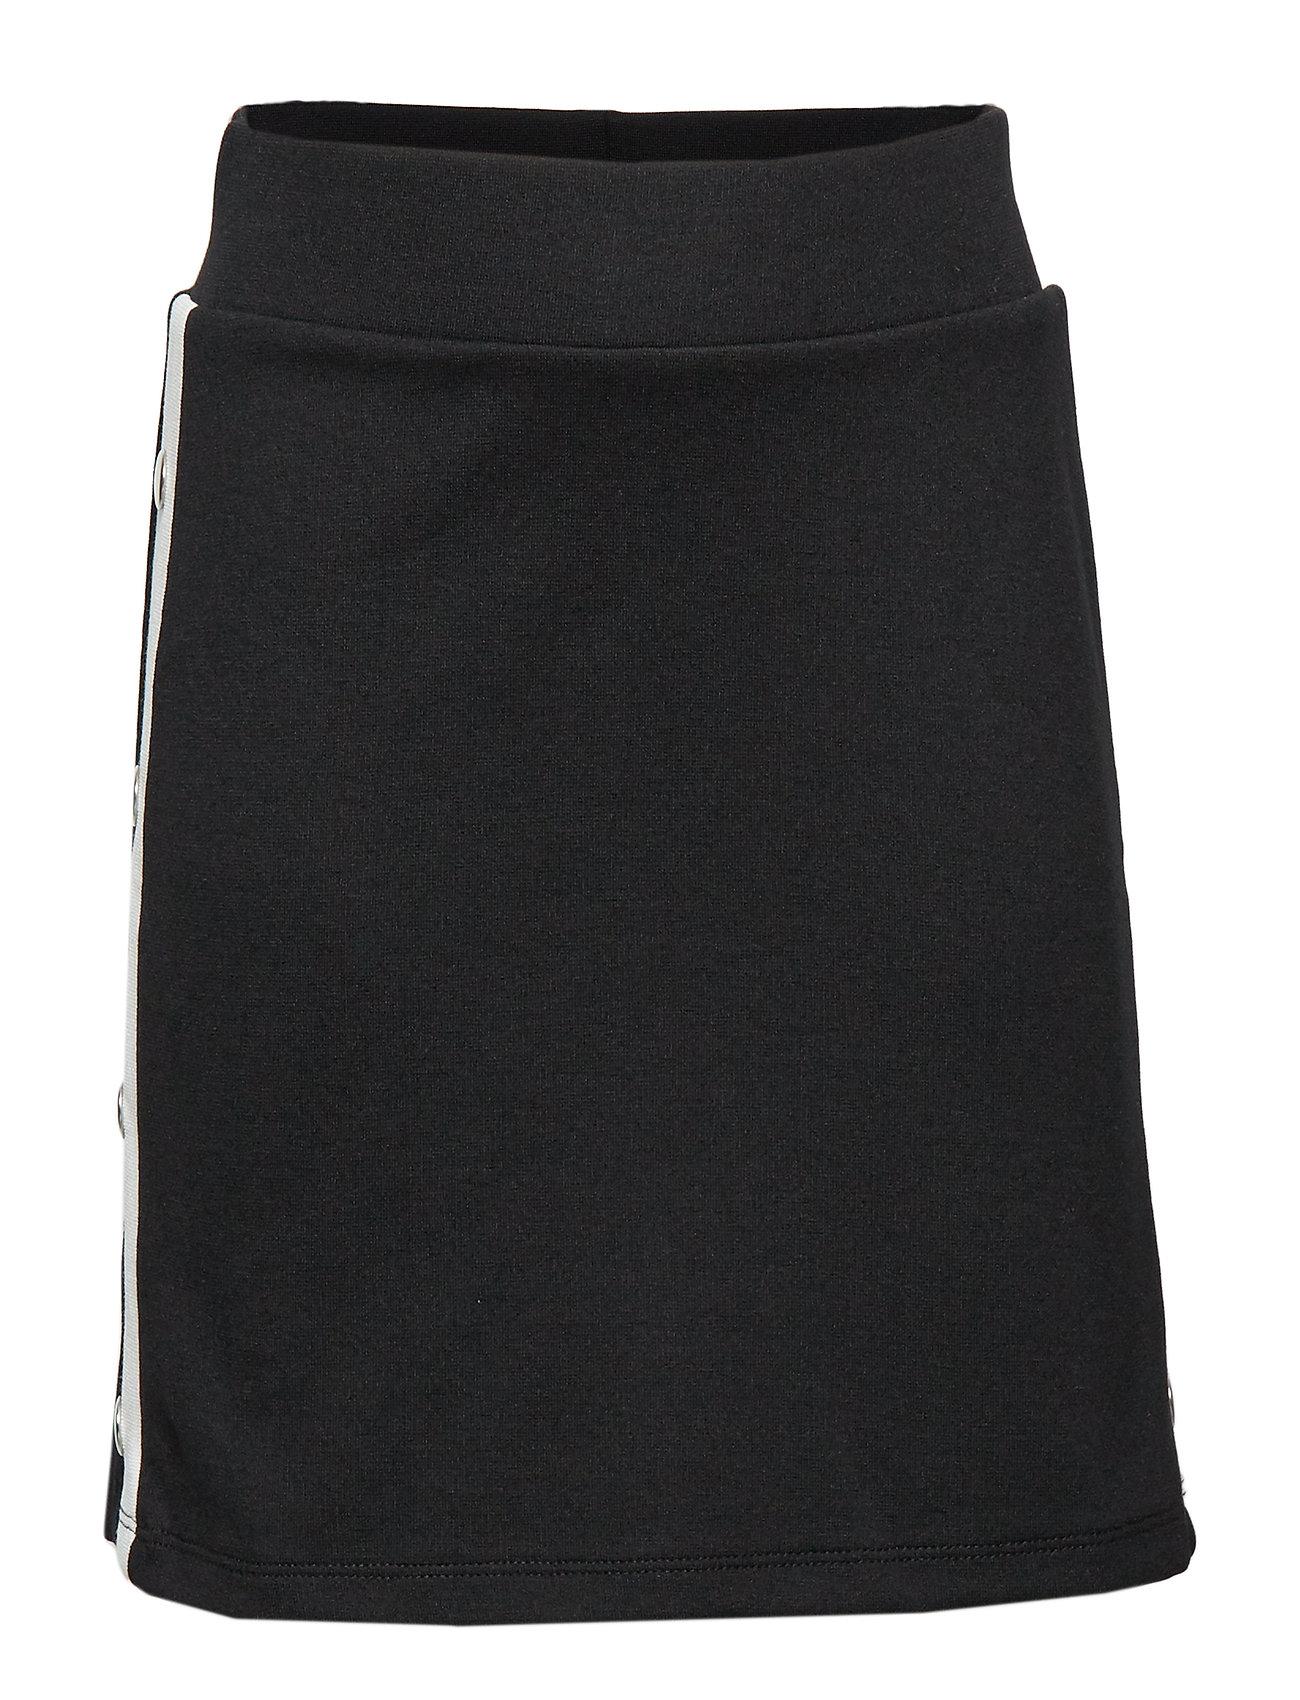 Lindex Black jersey skirt with white side stripes - BLACK
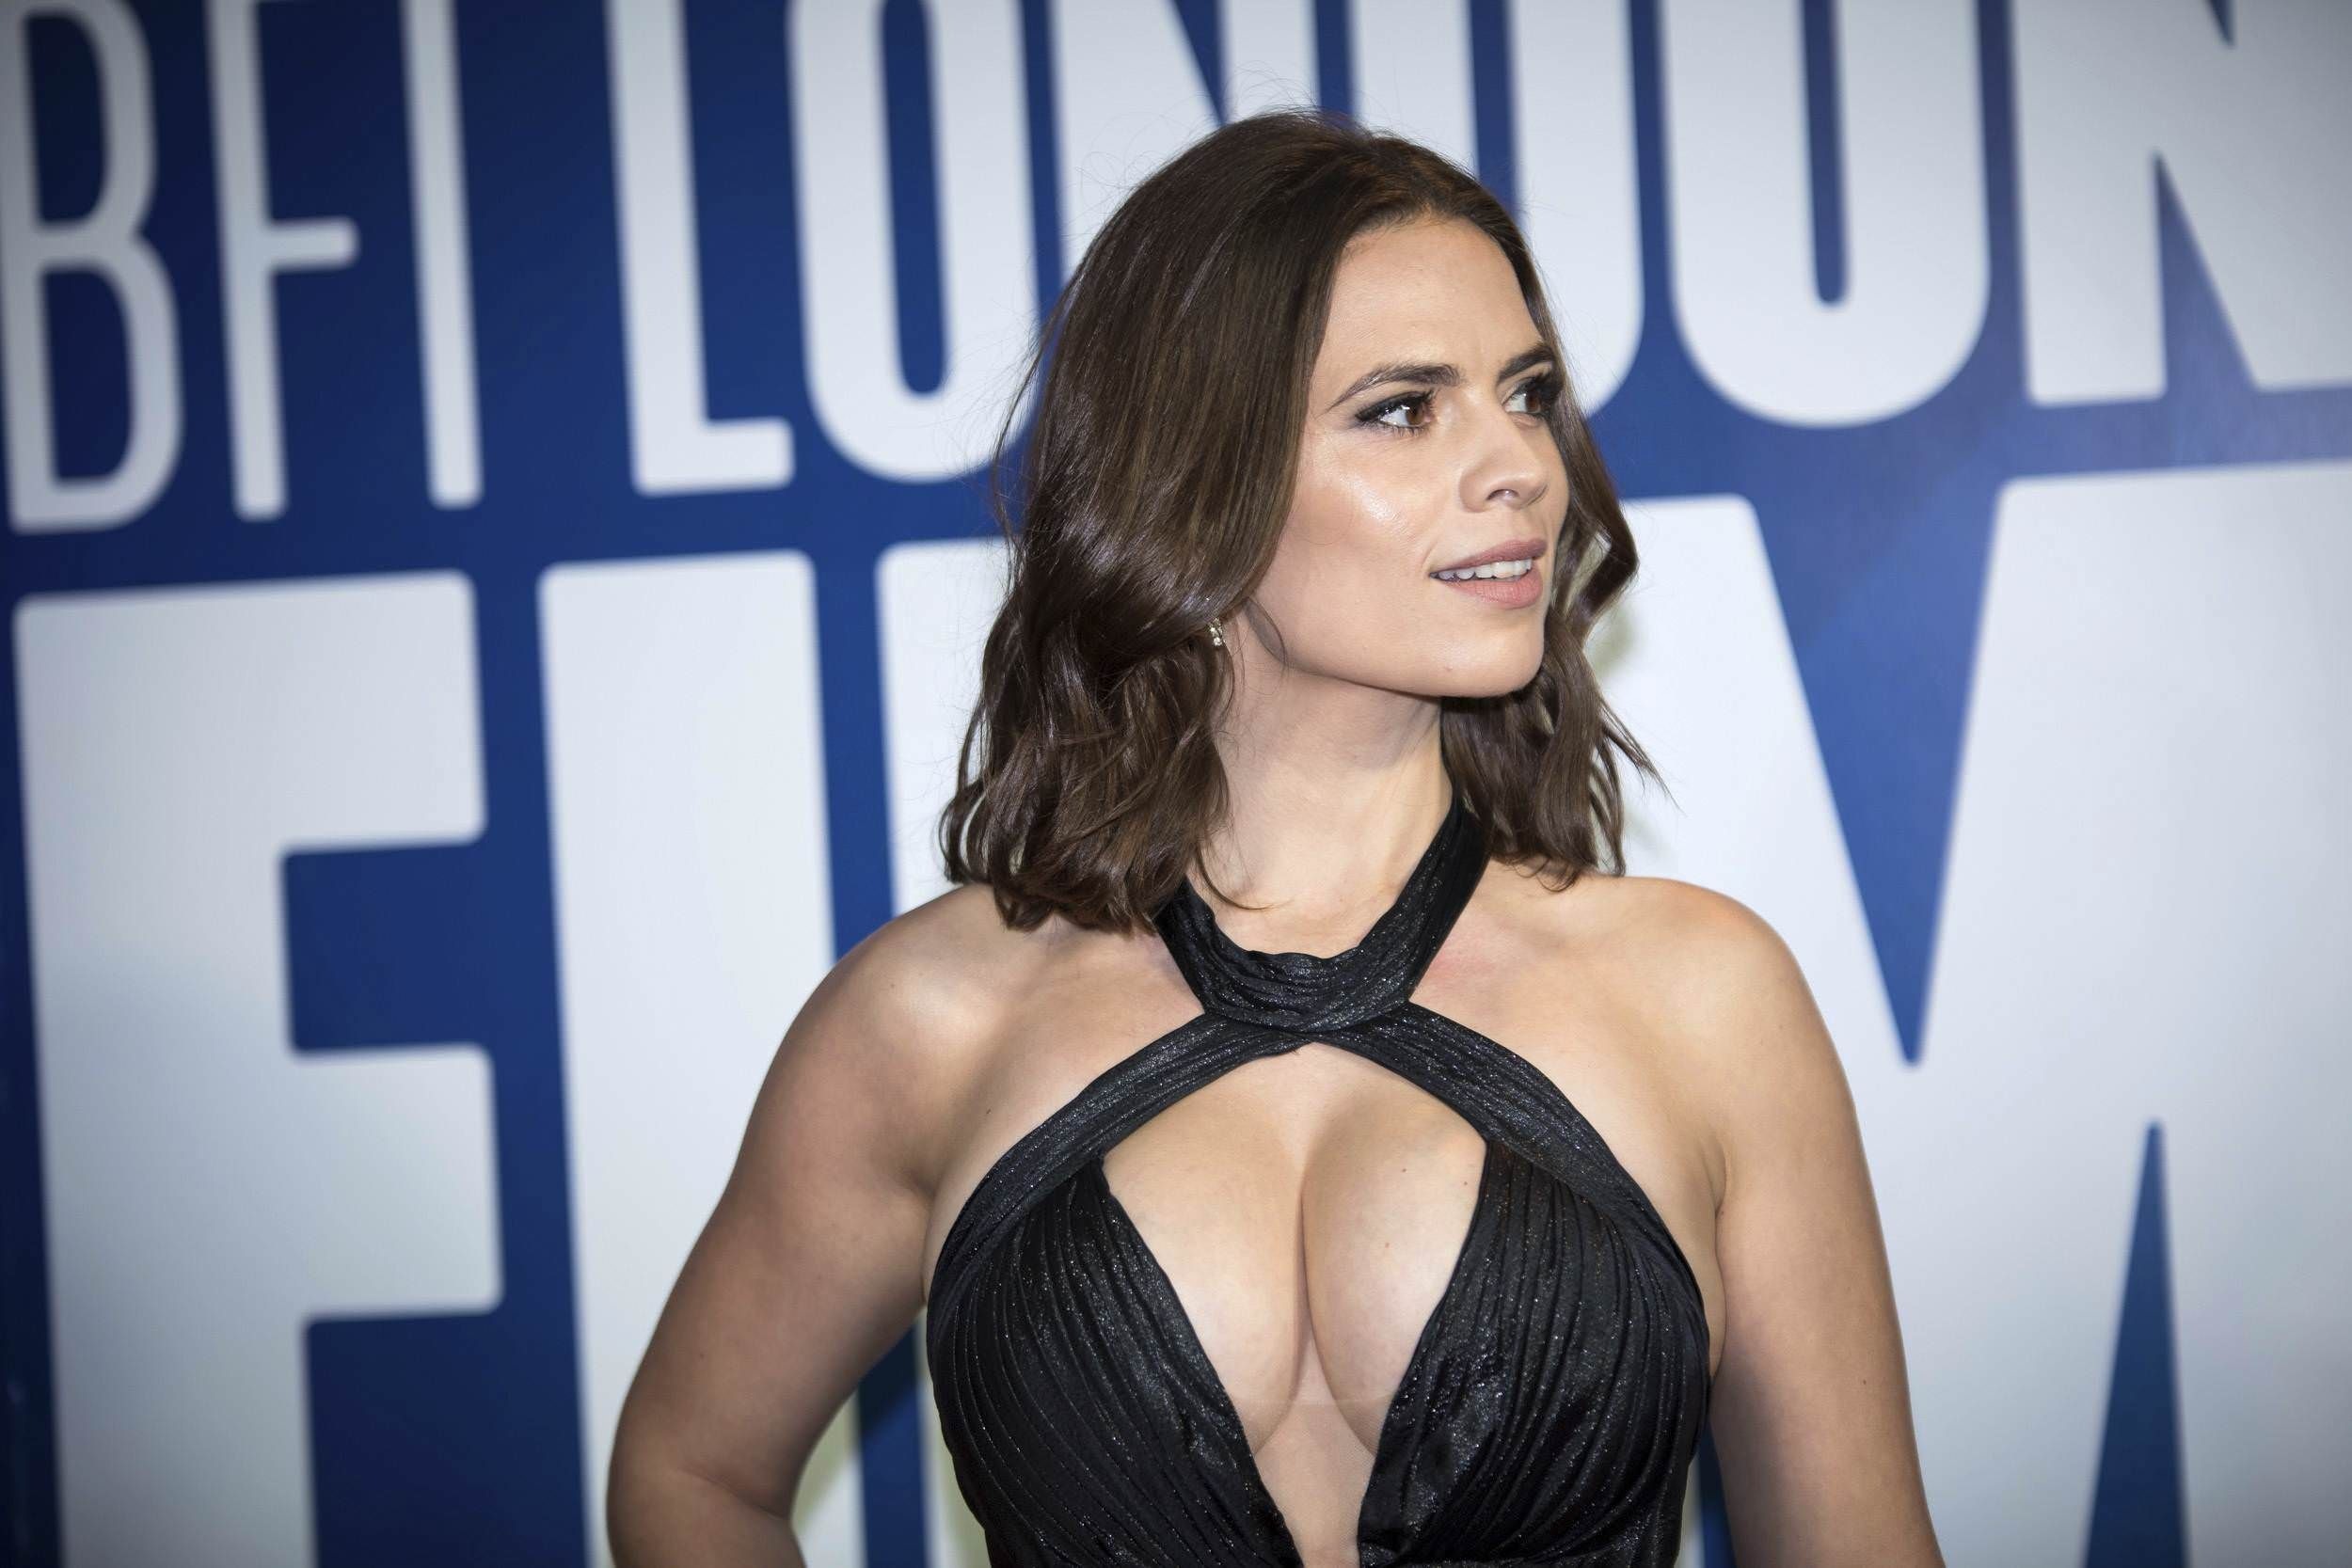 Celebrity Haley Ryder nude (54 photos), Topless, Paparazzi, Feet, cameltoe 2019
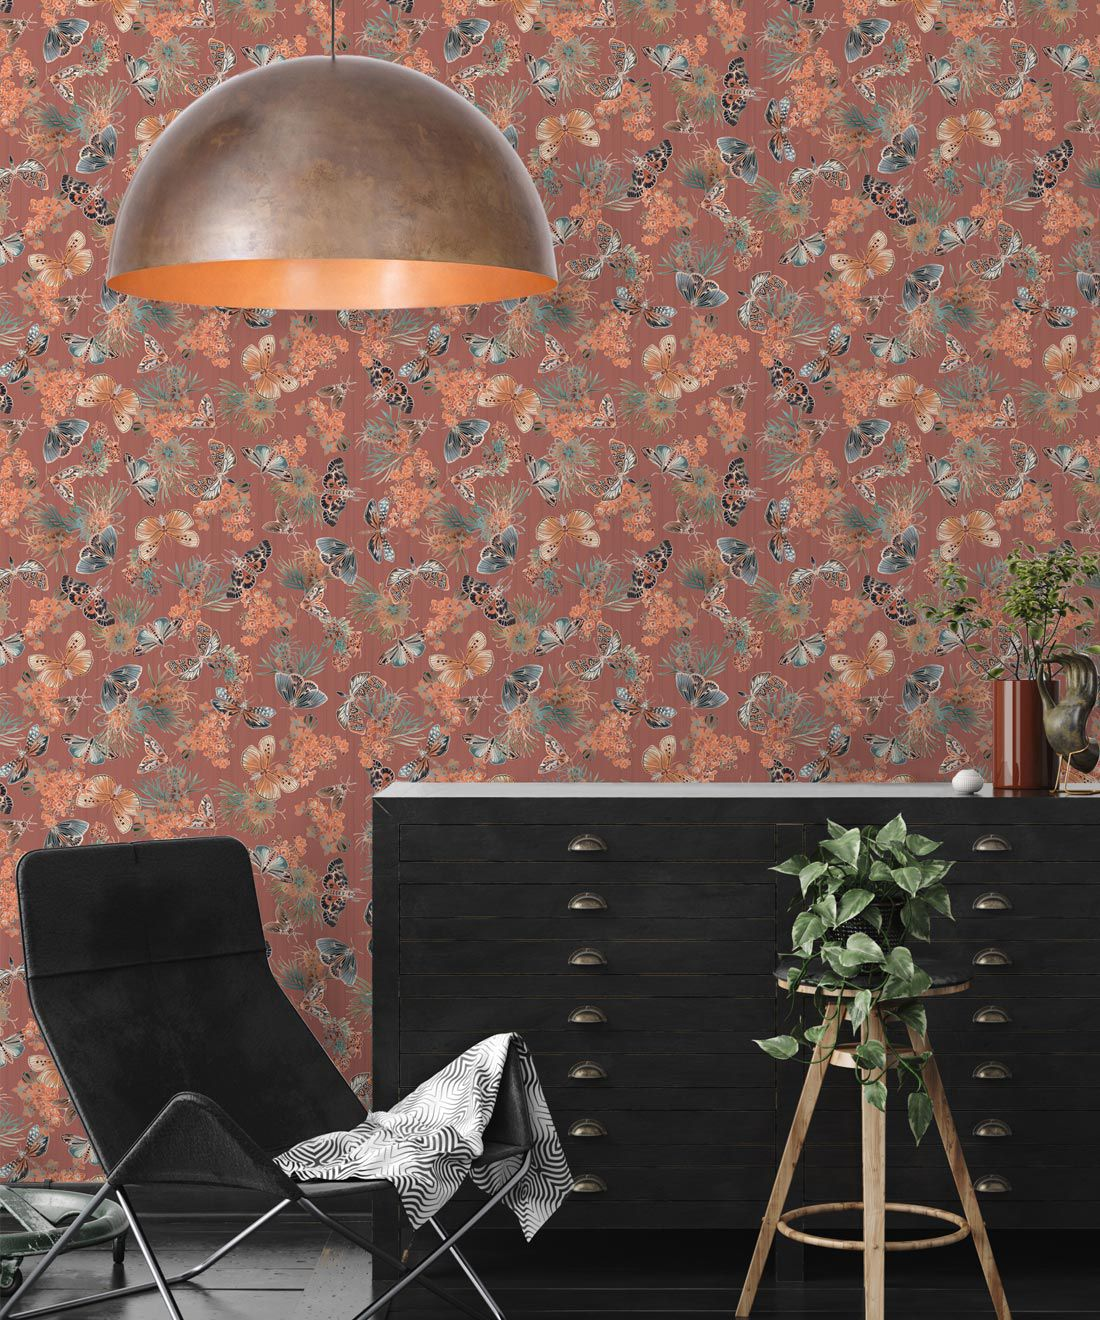 Moth Wallpaper • Eloise Short • Vintage Floral Wallpaper •Granny Chic Wallpaper • Grandmillennial Style Wallpaper •Rosewood •Insitu
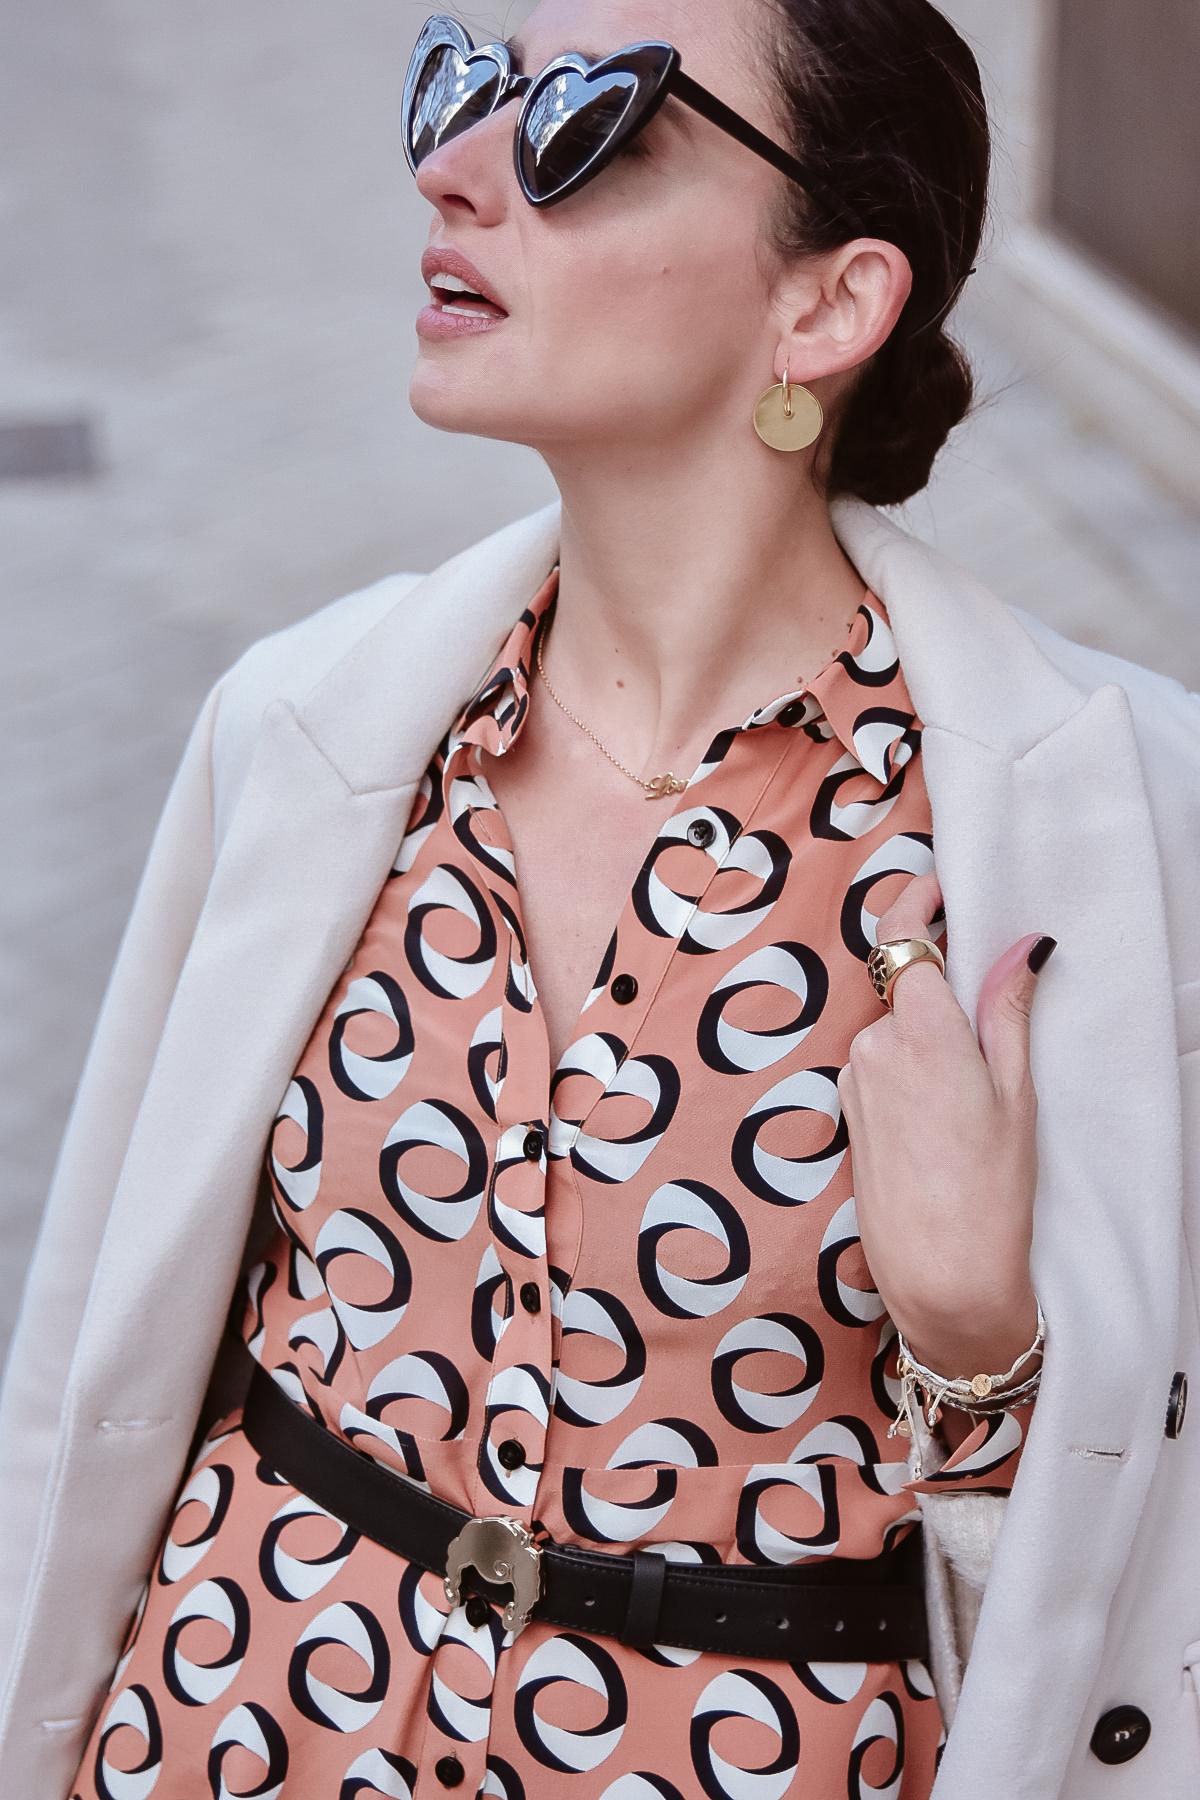 el-blog-de-silvia-look-femenino-vestido-midi-estampado-geometrico-02

---+---

• _What this task involves_: The expected output is an exact copy of the lines from the one holding "Moth Wallpaper •" through the last line of the listing above, with the pictures omitted.

• _Reply to the task_:
 Moth Wallpaper • Eloise Short • Vintage Floral Wallpaper •Granny Chic Wallpaper • Grandmillennial Style Wallpaper •Rosewood •Insitu
 el-blog-de-silvia-look-femenino-vestido-midi-estampado-geometrico-02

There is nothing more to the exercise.